Noir et blanc. Plastiquement beau, de plus en plus beau au fur à mesure que le film avance.

Ce n'est pas un film rationnel, ce n'est pas un film sentimental. C'est un film qui émeut en touchant l'affect, pas les sentiments (quelle est cette nuance, je ne sais).

Je spoile un peu, mais ça n'a guère d'importance.
C'est l'histoire d'un type qui voudrait boire un café.
Le héros est un looser: cela fait deux ans qu'il glande à Berlin en prétendant travailler son droit. Son père s'en aperçoit et lui coupe les vivres. Début de l'errance.
Il ne sais rien faire, mais il est bien élevé et poli, ne profite jamais d'une situation et ne repousse personne (toutes les faiblesses d'une bonne éducation non soutenue par une situation sociale, pensé-je) : par conséquence les gens se confient à lui.

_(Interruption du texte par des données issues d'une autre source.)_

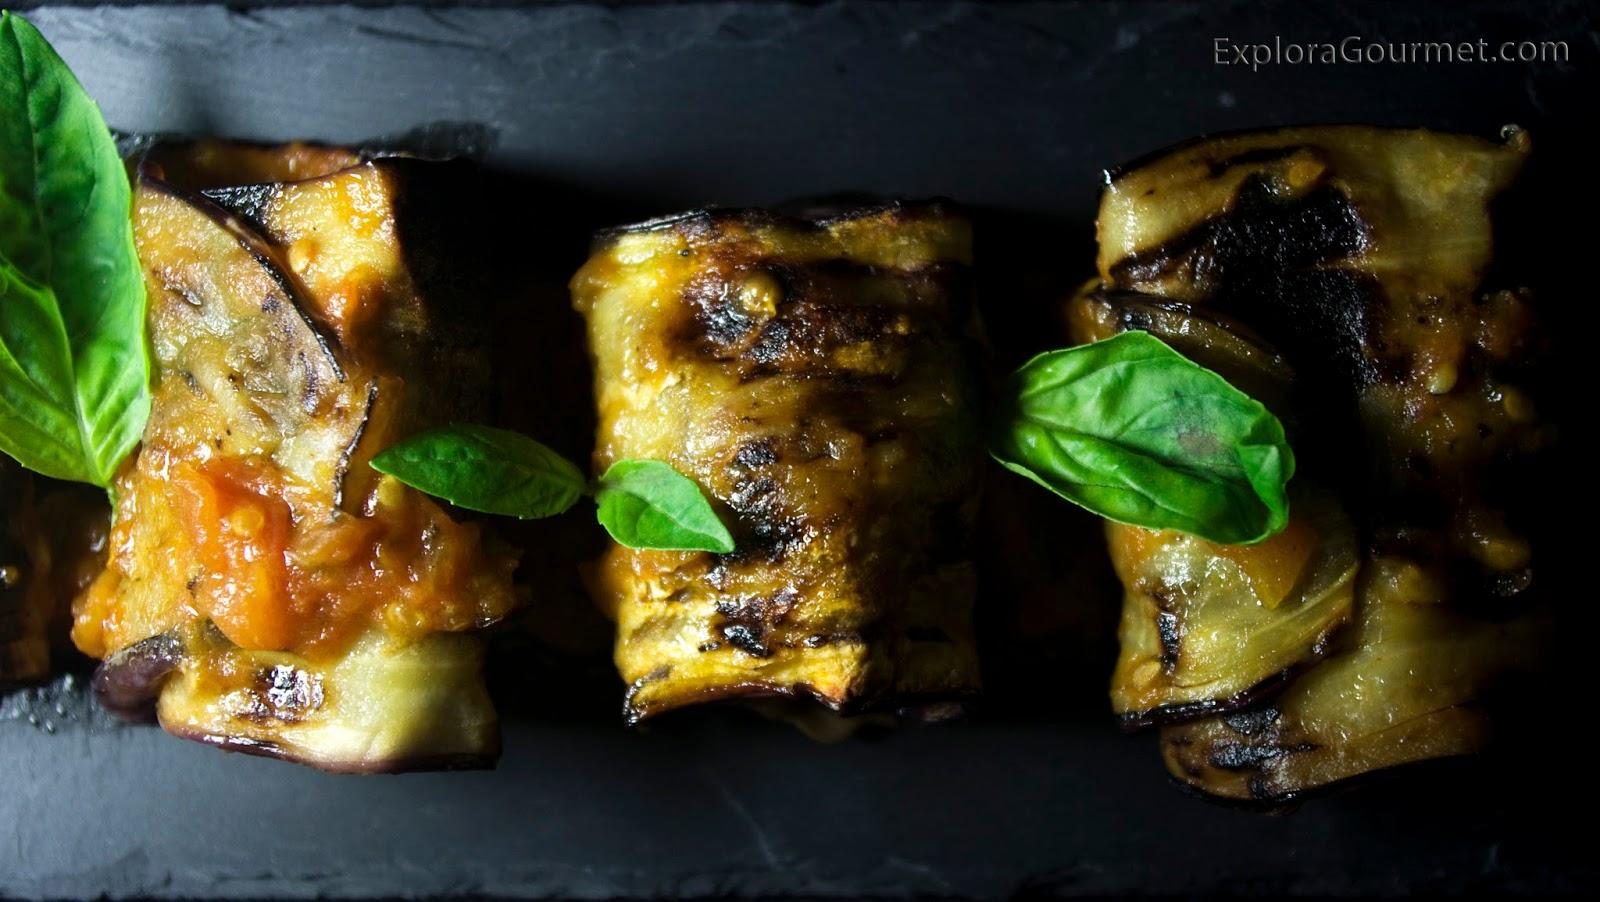 Rollitos de berenjena rellenos de carne

A un moment donné, il commence à dire: «Parfois je trouve les gens bizarres, et puis je me dis que comme ils sont tous bizarres, ce doit être moi qui suis bizarre». La confidence est interrompue, mais nous spectateurs dans la salle avons envie de nous précipiter à travers la toile pour le rassurer: «Non je t'assure, tu es le seul "normal", les autres sont vraiment bizarres, tu ne rêves pas».
Histoire allemande en filigrane, le film sur le nazisme bourrés de clichés, le vieil homme qui revient à Berlin après avoir passé sa vie à l'étranger et raconte ses souvenirs: «Et je chouinais, tu sais pourquoi? Parce qu'avec tout ce verre je ne pourrais plus faire de vélo.»

Un très beau film sur la rencontre, les rencontres, ce mystère que demeure l'autre qui ne peut sortir de son corps pour se dévoiler pleinement (et pourtant, tentative: voir le spectacle de danse).